As part of our health care finance research supported by the Endowment for Health, we have looked at New Hampshire's Medicaid program, including trends, coverage, and reforms.

- Presentations - Reports
  • Projecting the Cost of Medicaid: Limitations of the Medical Price Index (02-01-2005)

    This paper, the fourth in our series "Medicaid Topics," concludes that DHHS should use cost increase projections from the Centers for Medicare and Medicaid Services (CMS) instead of the Medical Price Index of the Consumer Price Index to estimate future costs of Medicaid services and presents the reasons for this recommendation. The result would be to project increased cost per Medicaid recipient at 6.5% per year instead of the 4.2% contained in the GraniteCare plan calculations.

  • GraniteCare: Some Questions and Answers (02-01-2005)

    This paper, the third in our series "Medicaid Topics," presents 68 questions (and some comments) that the Center submitted to DHHS on January 18, 2005, regarding the department's GraniteCare. DHHS provided answers to some of the questions and we have summarized those responses in this paper. This paper should be read in parallel with "GraniteCare Financial Projections & Critical Assumptions," the department's most detailed presentation of its plan.

  • New Hampshire's Medicaid Program: Four Snapshots (11-01-2004)

    This paper, the first our series "Medicaid Topics," presents basic information about Medicaid eligibles in New Hampshire, the cost of services they receive, and recent changes in those costs.

  • Medicaid Spending on Long-Term Care: The Real Numbers (09-01-2004)

    This paper, the second in our series "Medicaid Topics," presents the facts behind erroneous statements that were made by state officials regarding New Hampshire's dependence on nursing homes for long-term care.

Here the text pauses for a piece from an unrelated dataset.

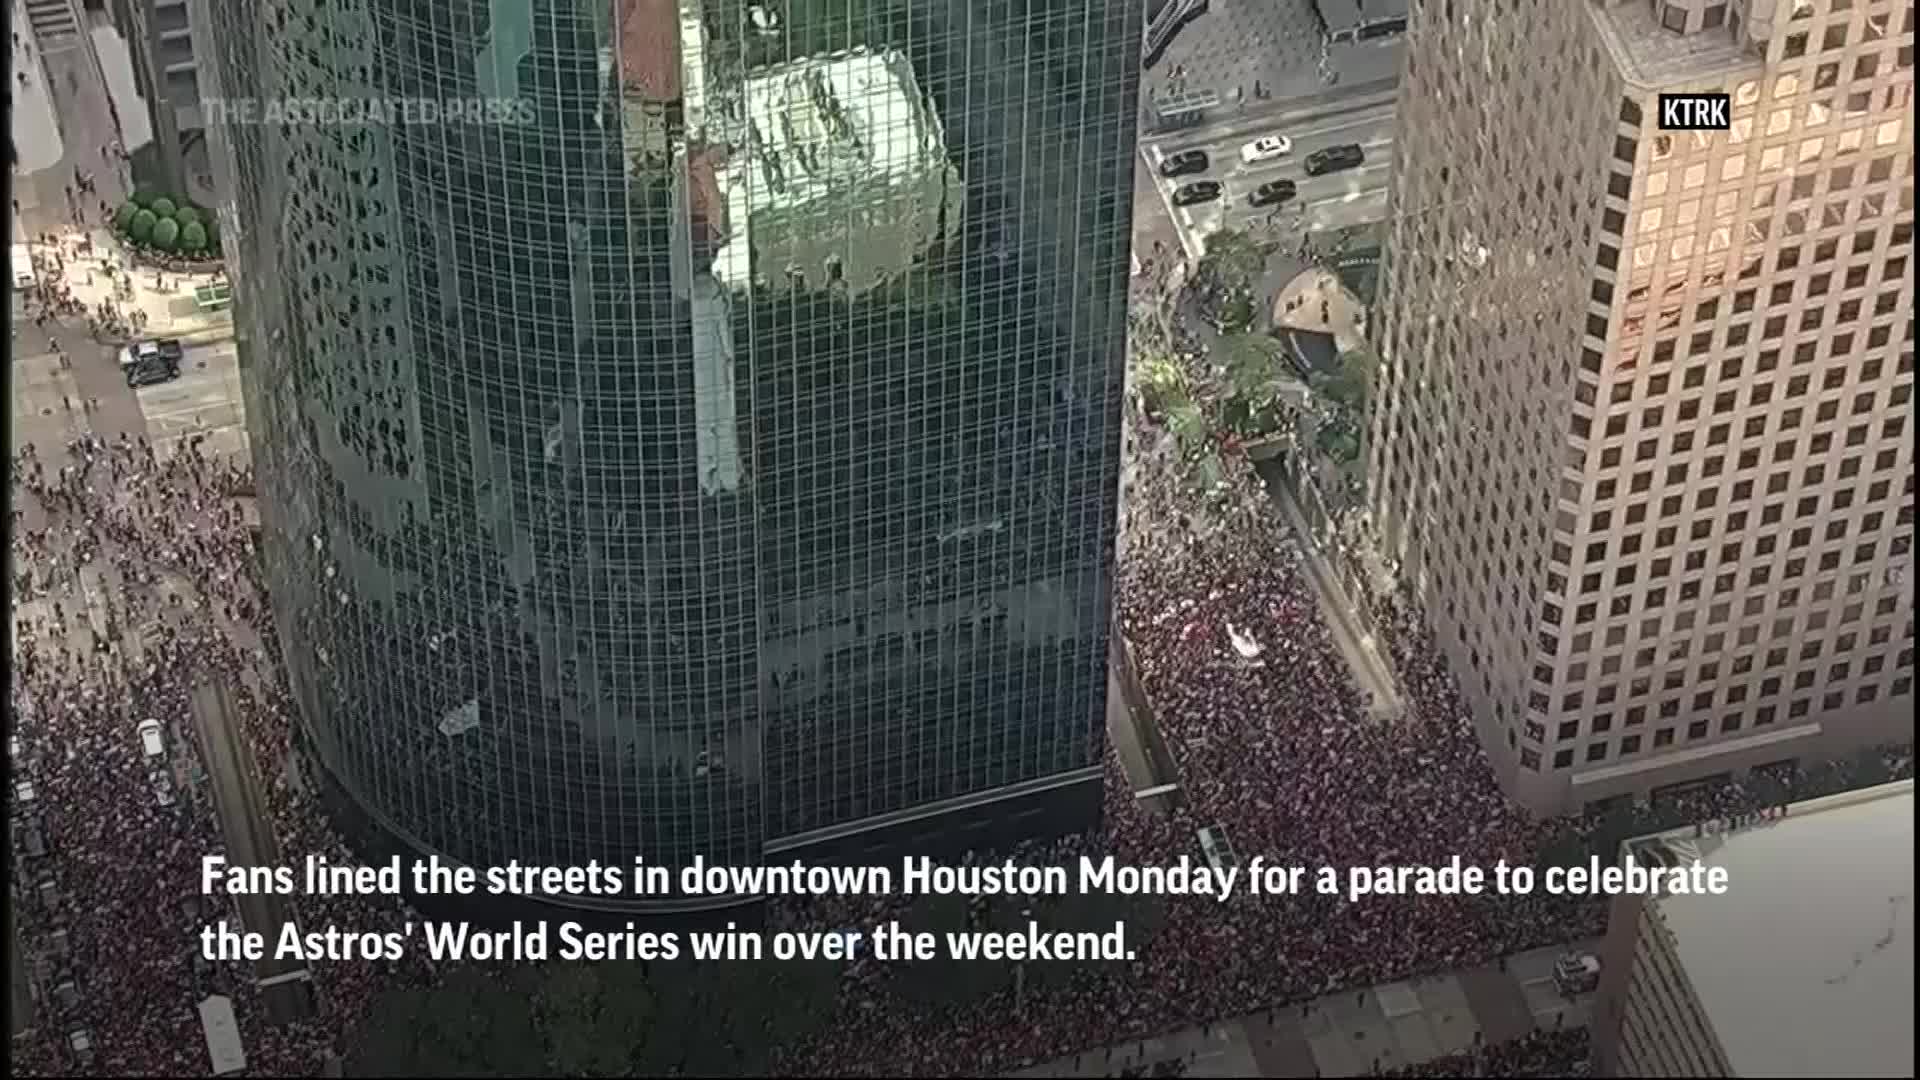 Houston celebrates Astros' World Series win
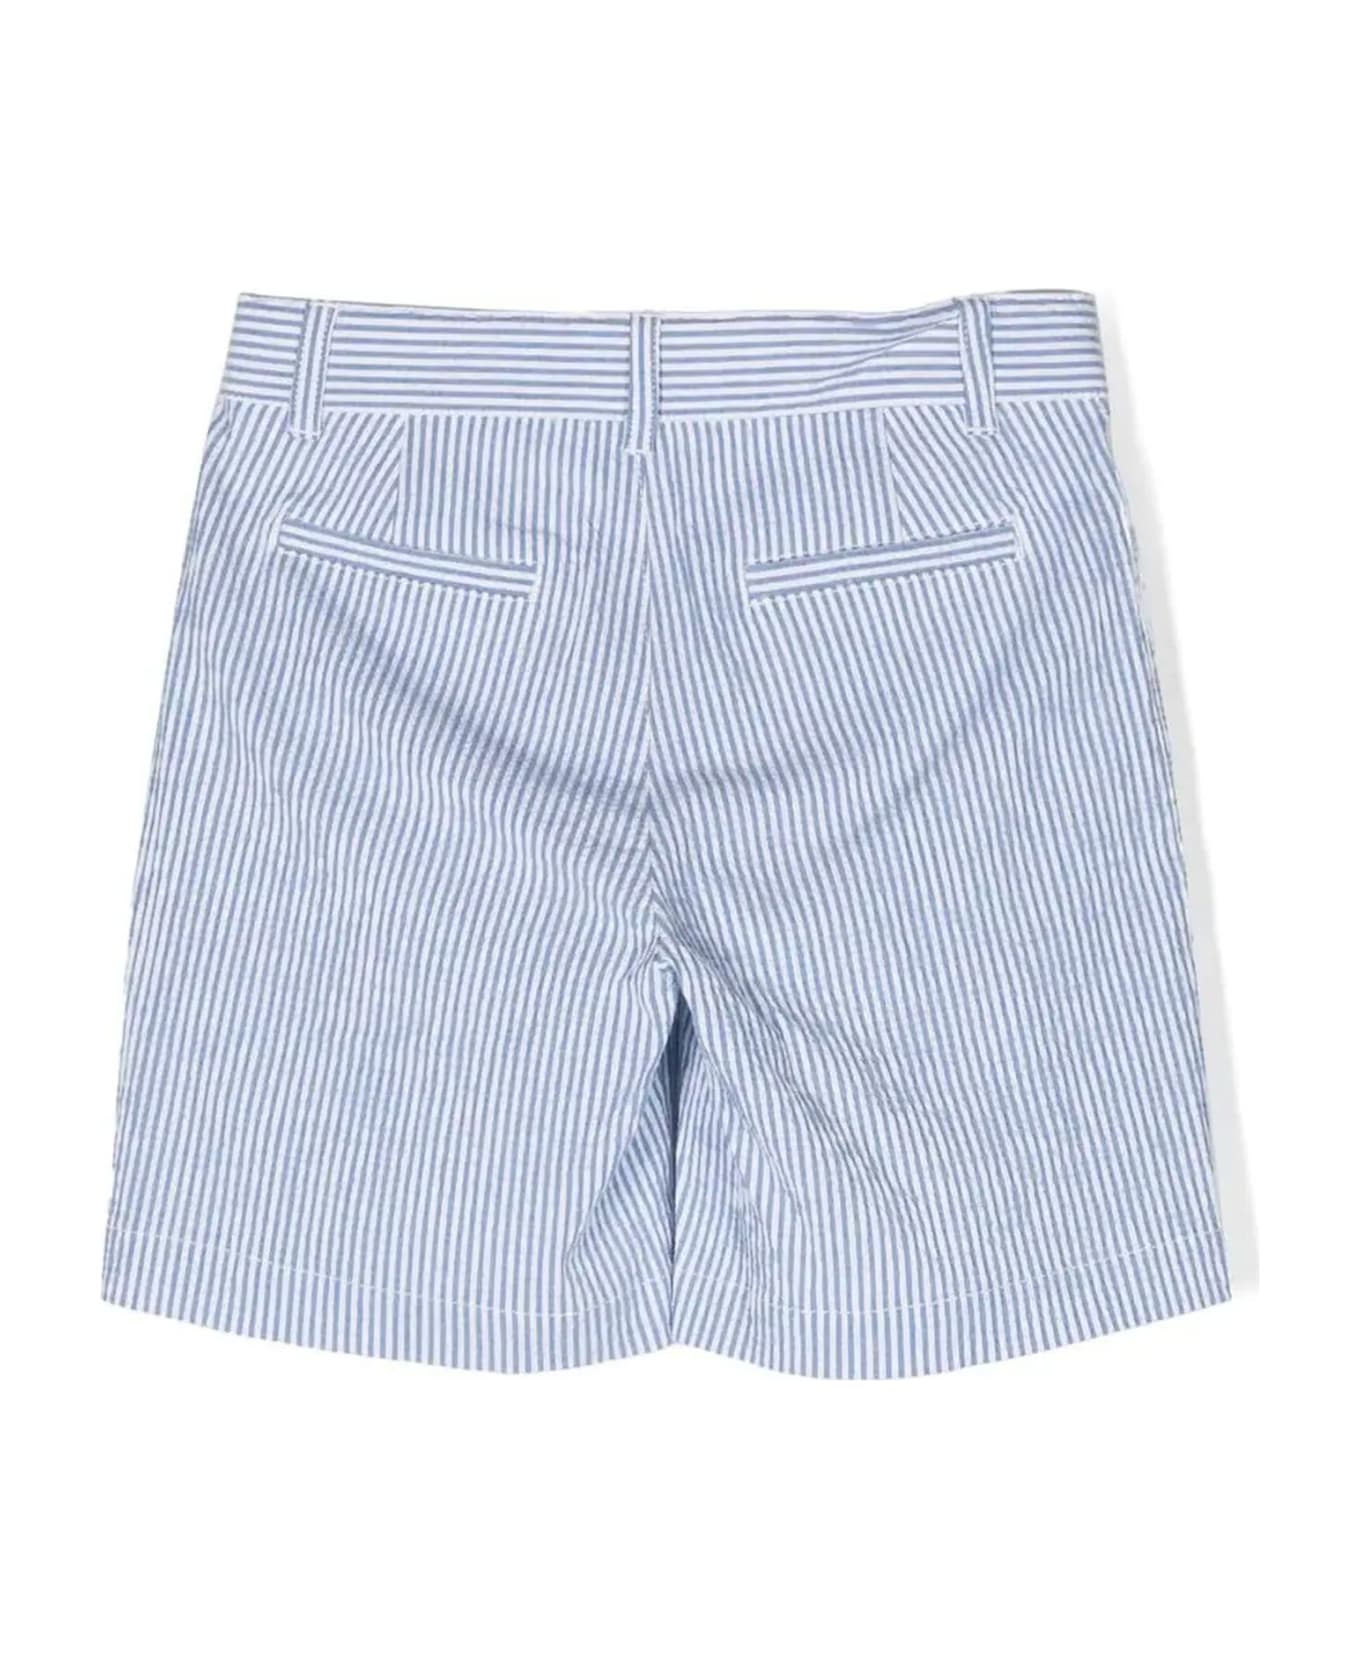 Aspesi Shorts - Bianco+azzurro ボトムス

The Department of Health and Human Services had submitted bad Medicaid data to the federal government and that data had then been used by Urban Institute policy analysts to draw incorrect conclusions about New Hampshire's Medicaid spending. The paper sets the record straight. It also presents the best available information comparing nursing home and other Medicaid spending on the elderly in Maine, Vermont, and New Hampshire.